AIM OF THE TASK: Write every line below out again exactly, images omitted.

Stored items from a collection:
--

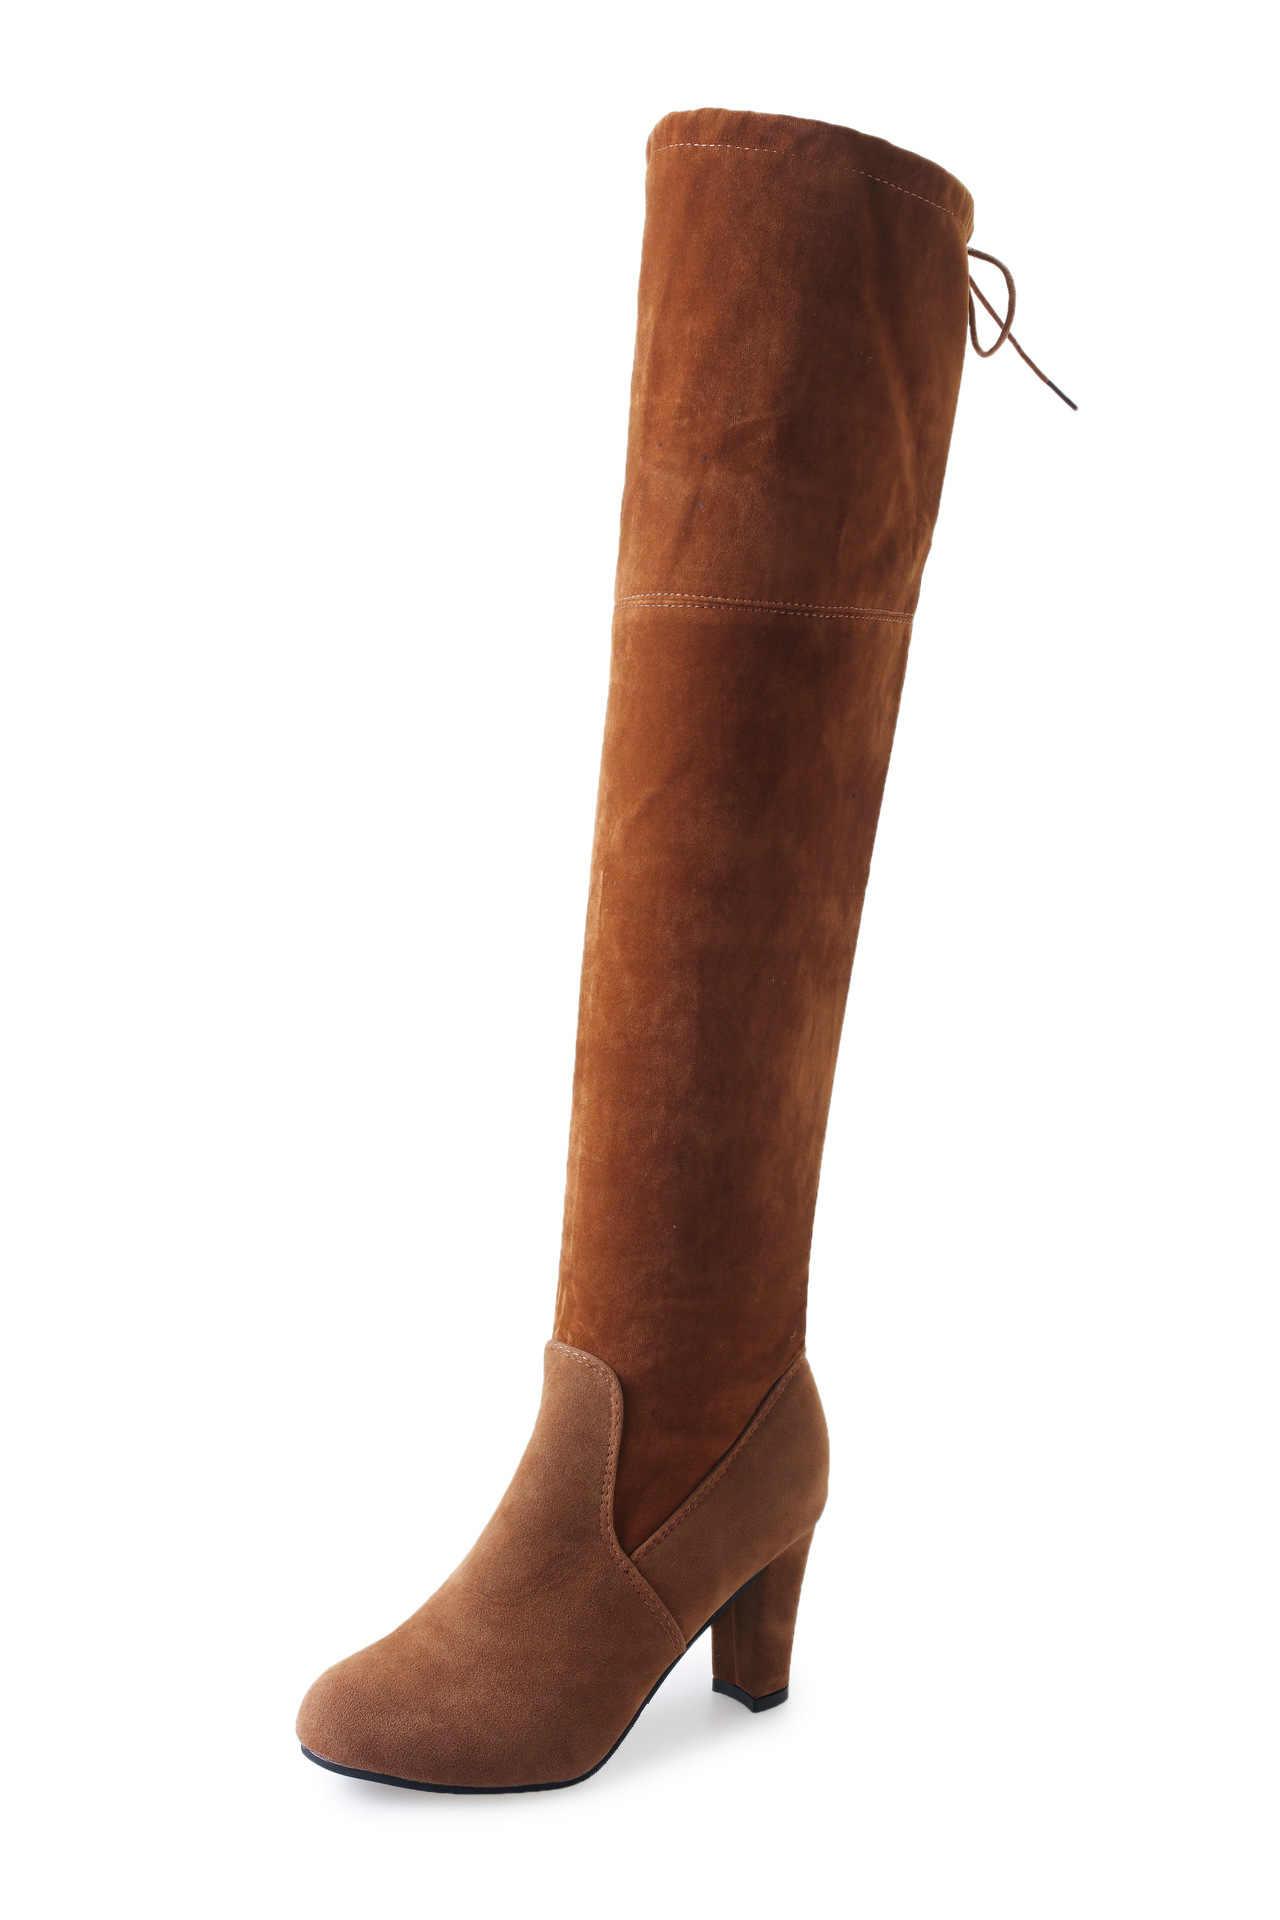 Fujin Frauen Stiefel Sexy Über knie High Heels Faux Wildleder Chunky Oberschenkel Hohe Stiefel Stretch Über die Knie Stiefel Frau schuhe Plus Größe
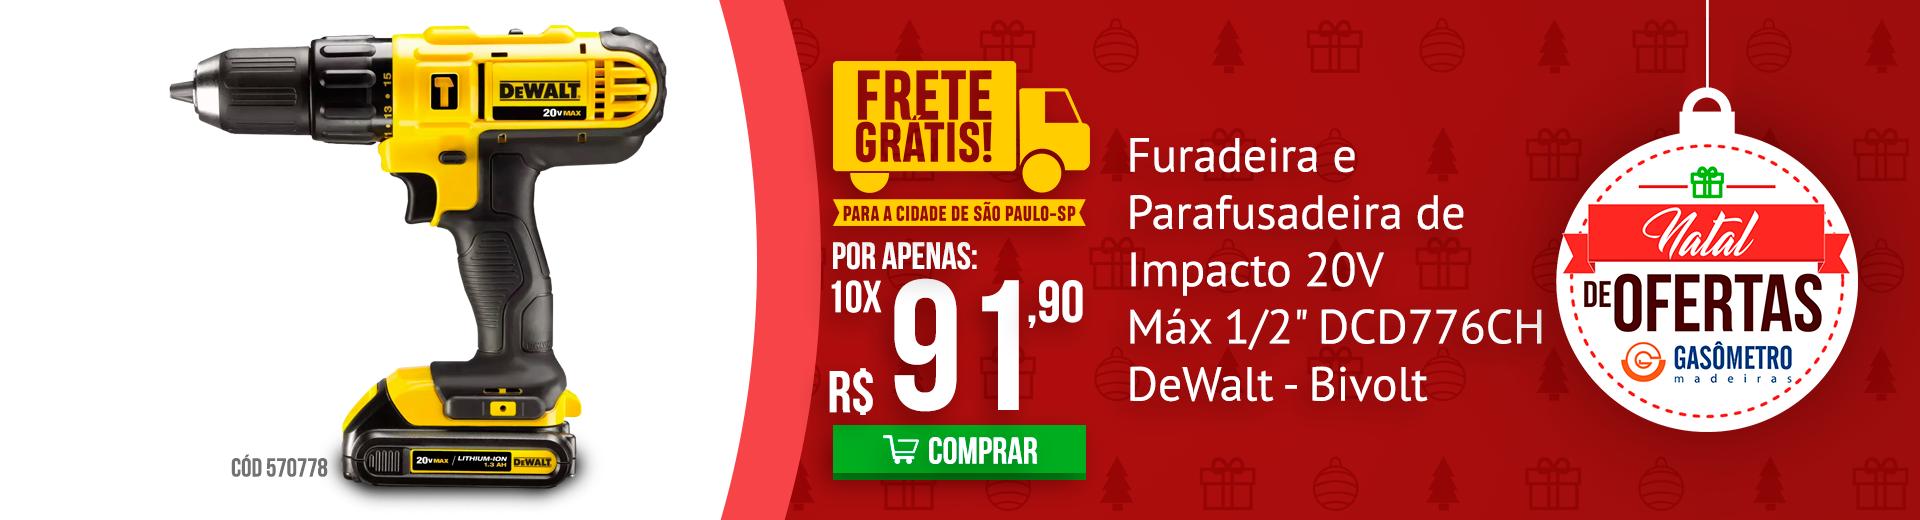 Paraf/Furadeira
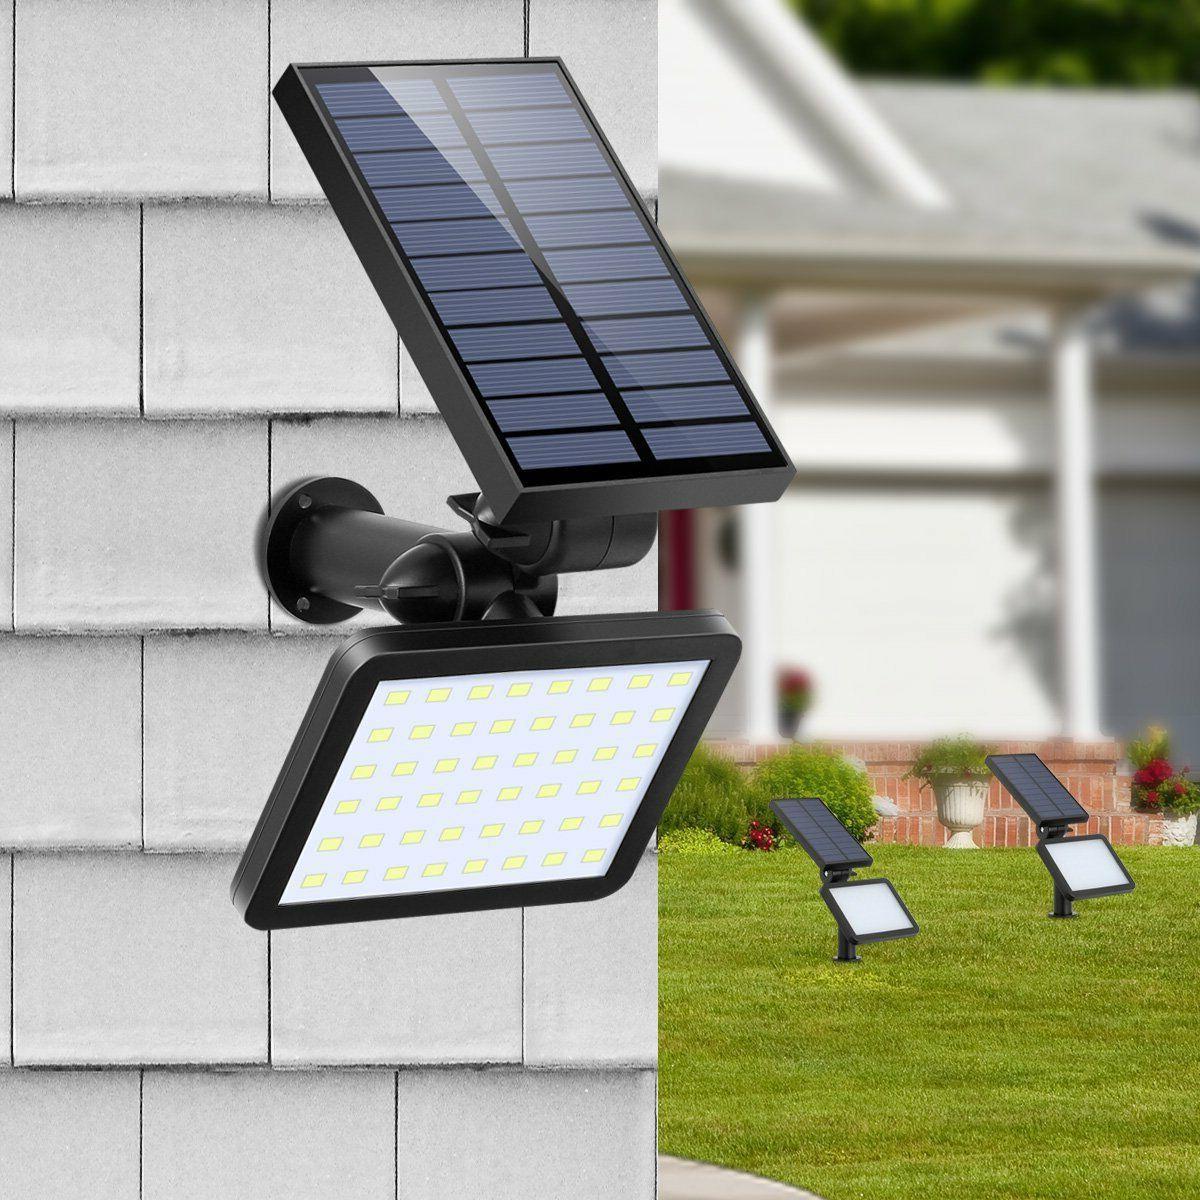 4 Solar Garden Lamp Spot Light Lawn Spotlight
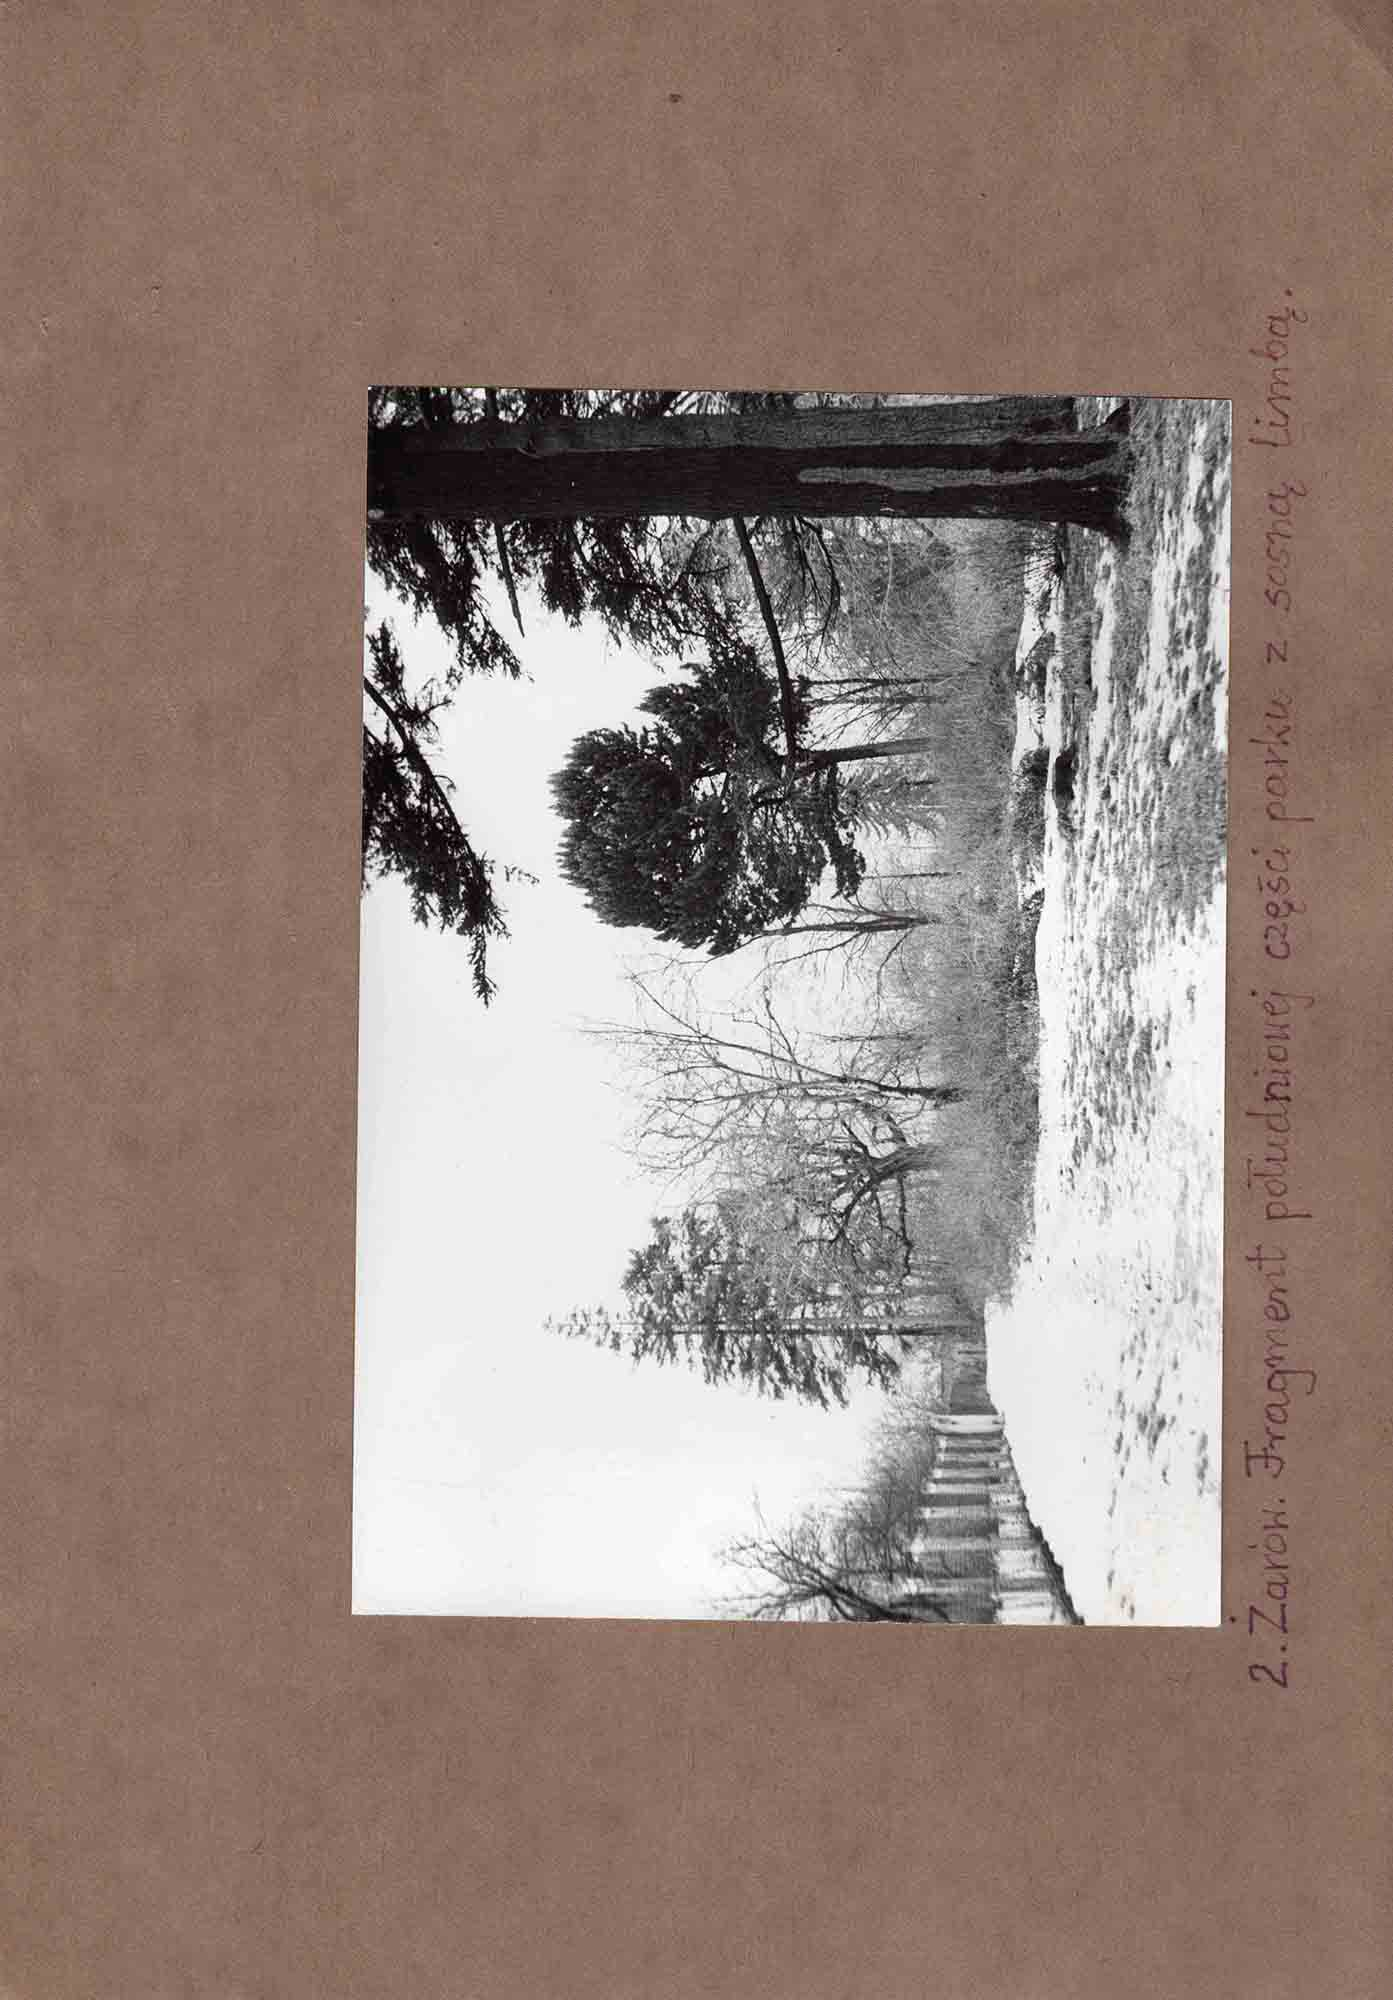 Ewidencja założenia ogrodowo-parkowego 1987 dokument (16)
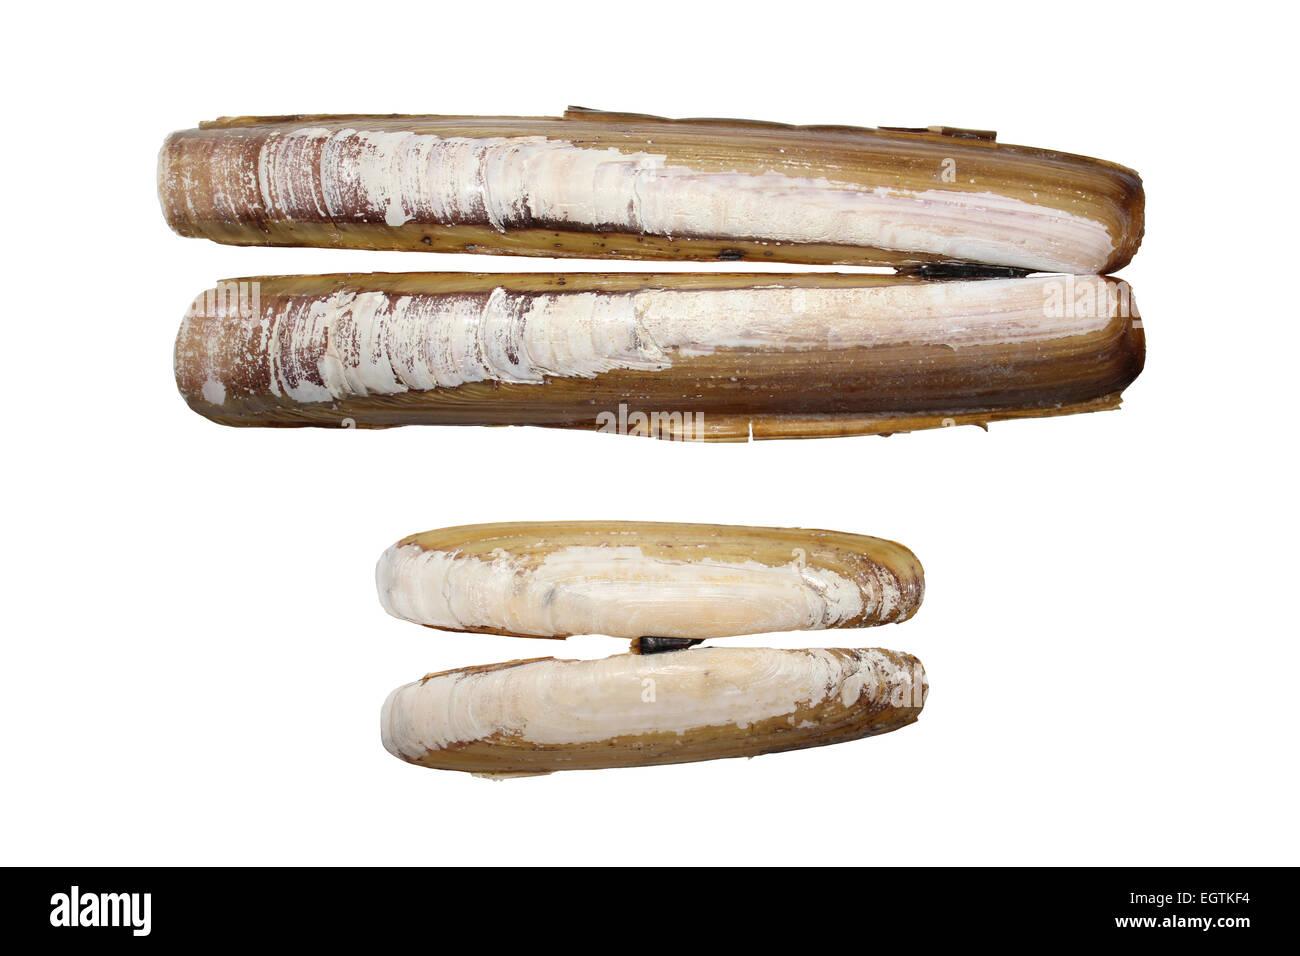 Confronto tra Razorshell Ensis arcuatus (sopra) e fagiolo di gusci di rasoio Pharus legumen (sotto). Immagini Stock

--

OUTPUT OF THE EXERCISE:
 Fujin Frauen Stiefel Sexy Über knie High Heels Faux Wildleder Chunky Oberschenkel Hohe Stiefel Stretch Über die Knie Stiefel Frau schuhe Plus Größe
 Paraf/Furadeira
 4 Solar Garden Lamp Spot Light Lawn Spotlight
 Ewidencja założenia ogrodowo-parkowego 1987 dokument (16)
 Confronto tra Razorshell Ensis arcuatus (sopra) e fagiolo di gusci di rasoio Pharus legumen (sotto). Immagini Stock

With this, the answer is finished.